Every line of the material must be given again verbatim. Skip the images.

───── Information shown

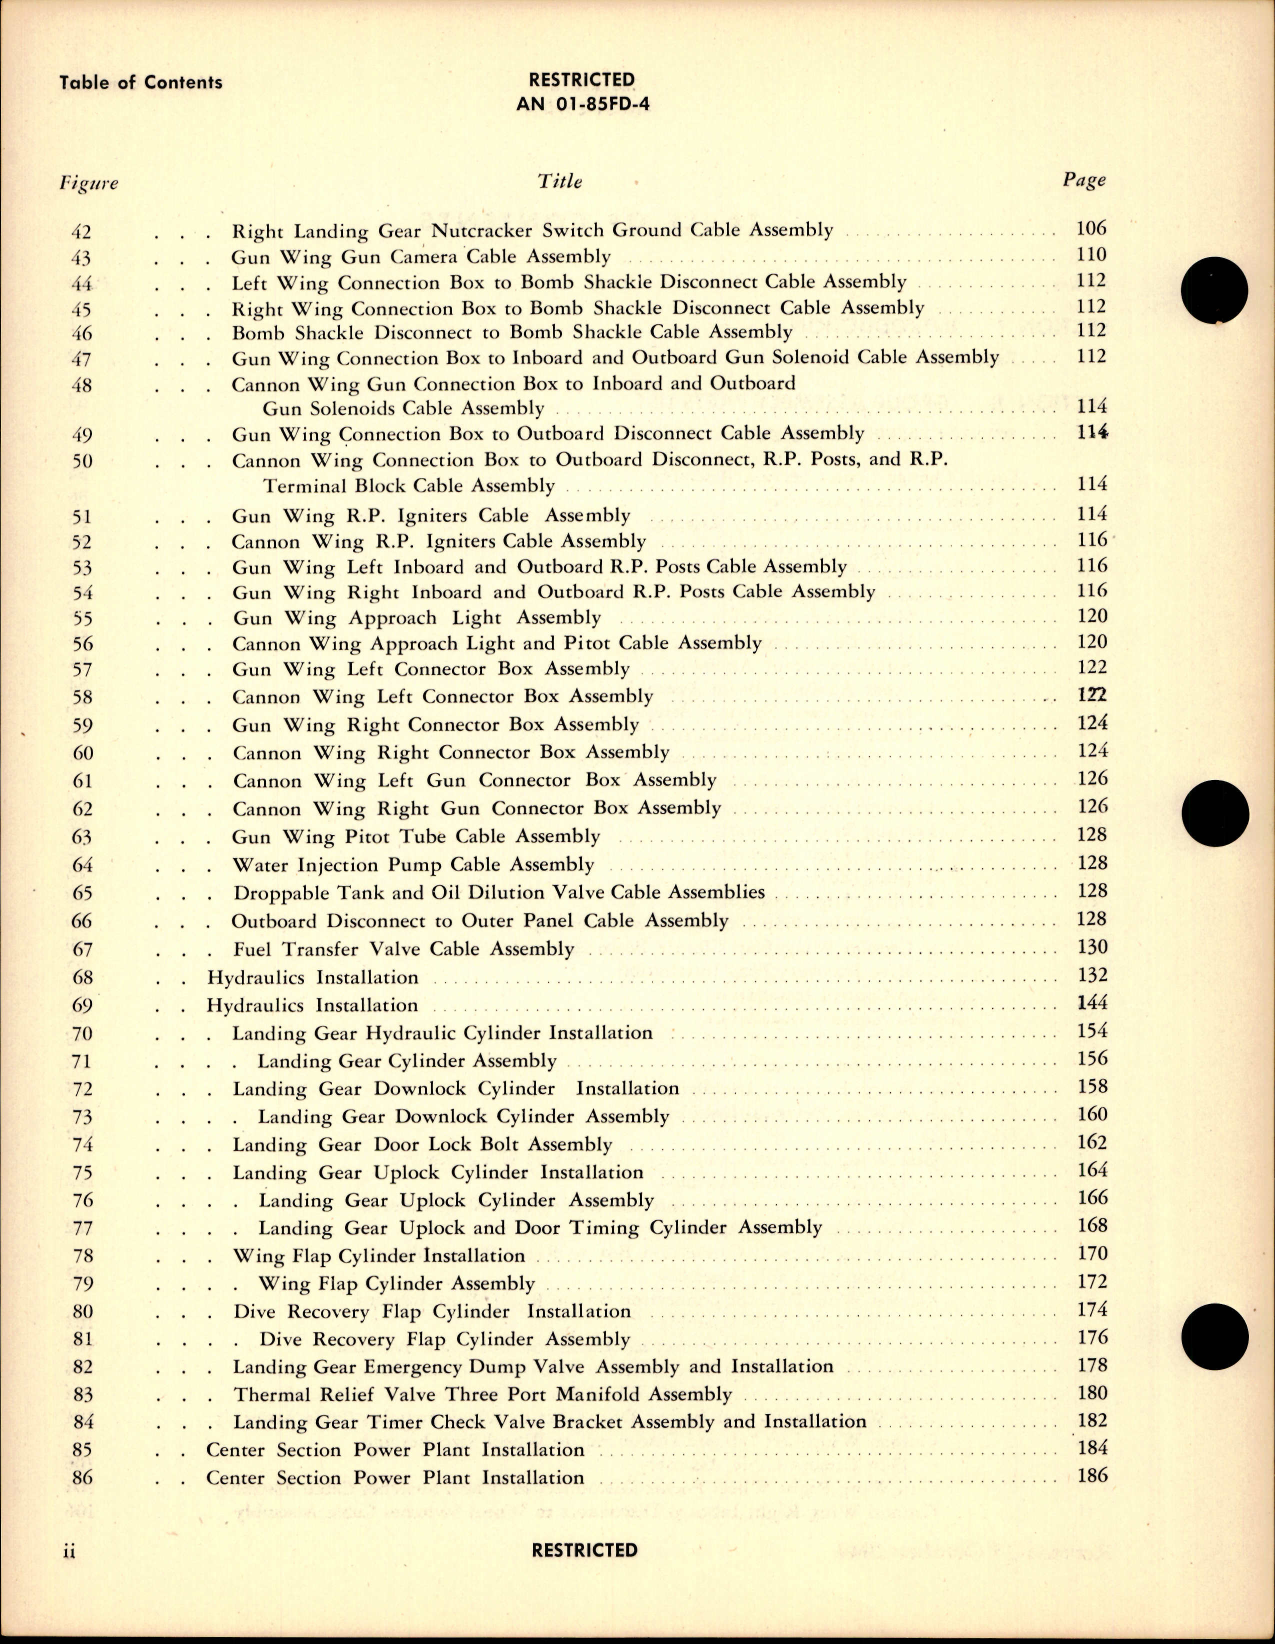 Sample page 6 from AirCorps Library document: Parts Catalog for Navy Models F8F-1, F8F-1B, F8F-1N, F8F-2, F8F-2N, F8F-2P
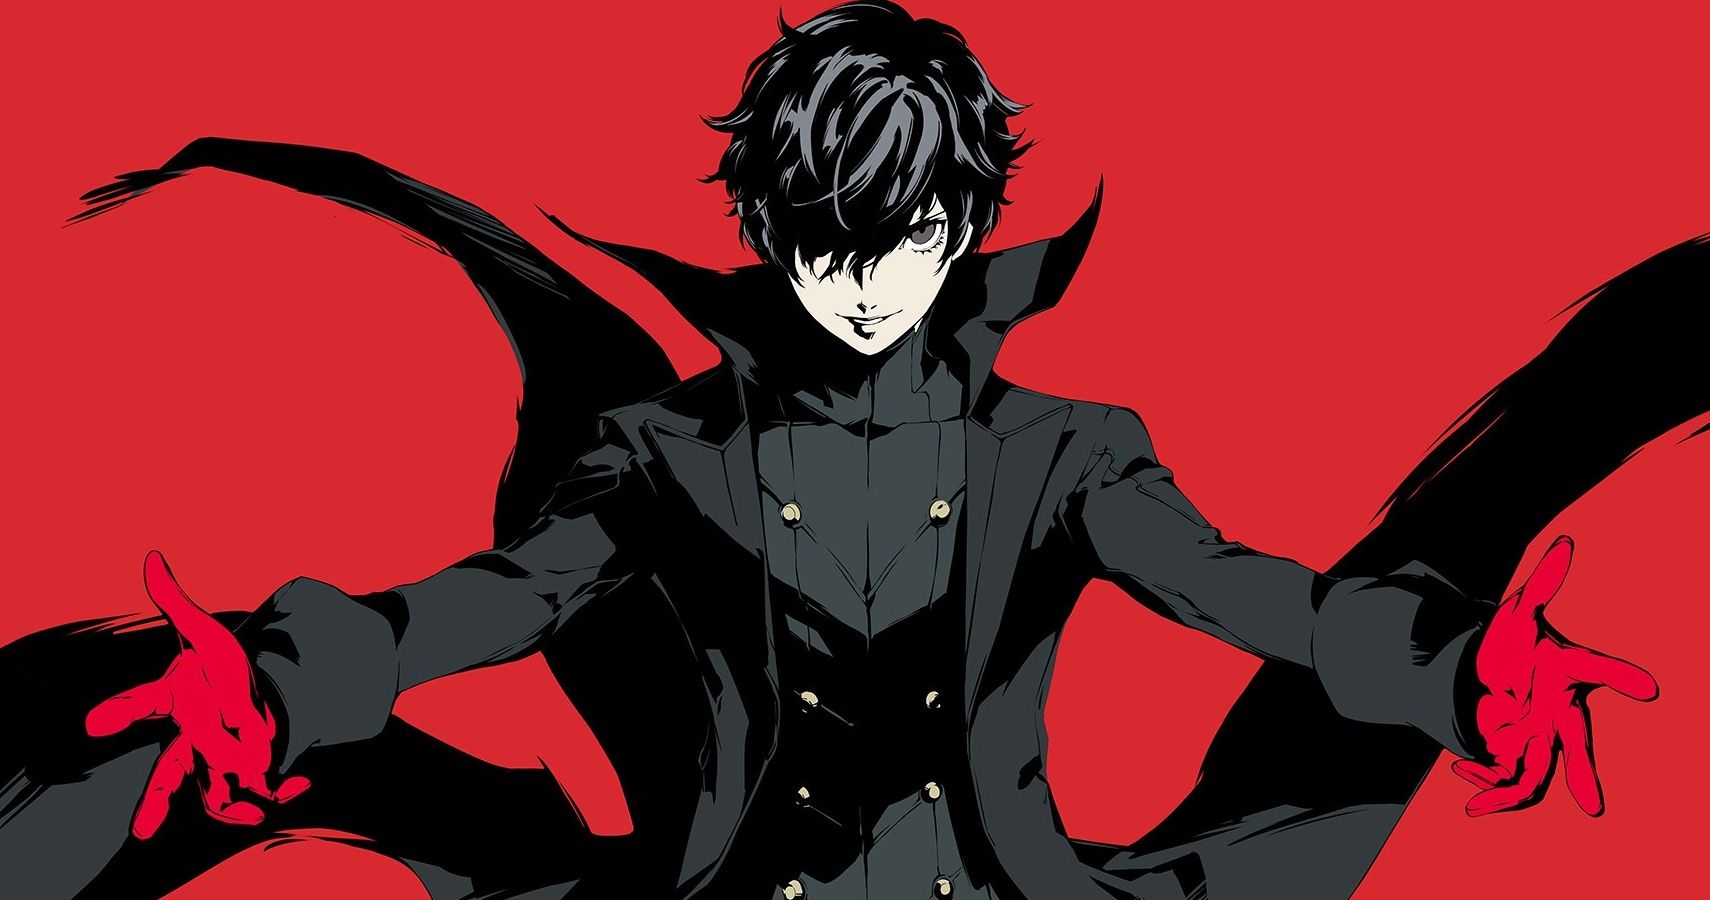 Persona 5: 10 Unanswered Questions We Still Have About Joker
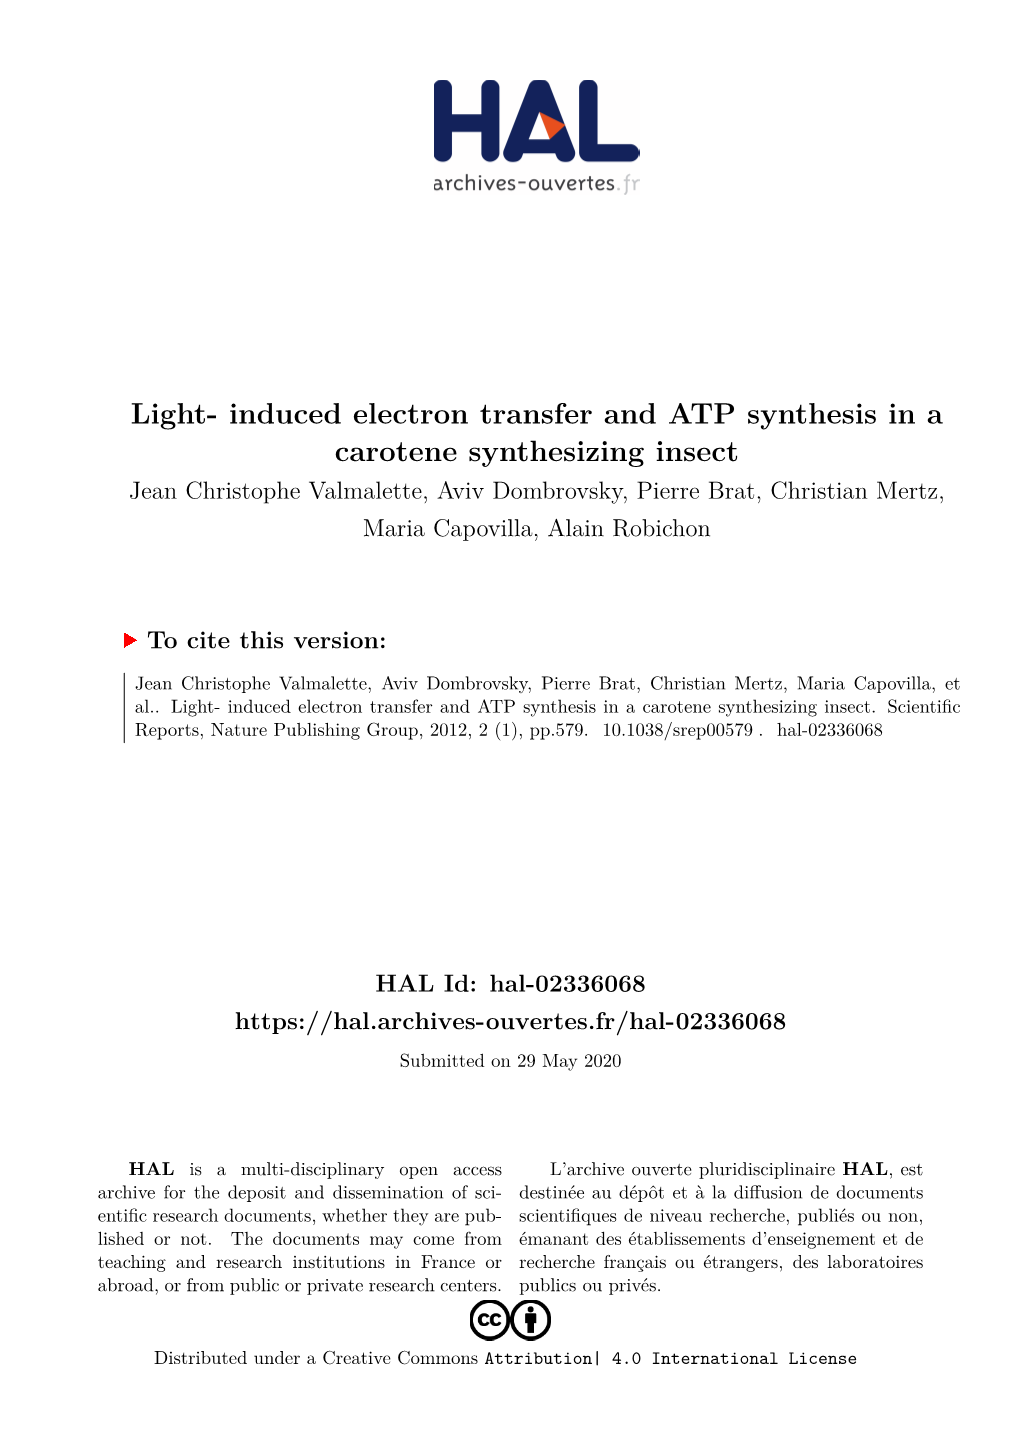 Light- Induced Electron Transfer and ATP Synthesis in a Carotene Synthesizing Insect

──────────

[Result]:
 Sample page 6 from AirCorps Library document: Parts Catalog for Navy Models F8F-1, F8F-1B, F8F-1N, F8F-2, F8F-2N, F8F-2P
 Persona 5: 10 Unanswered Questions We Still Have About Joker
 Light- Induced Electron Transfer and ATP Synthesis in a Carotene Synthesizing Insect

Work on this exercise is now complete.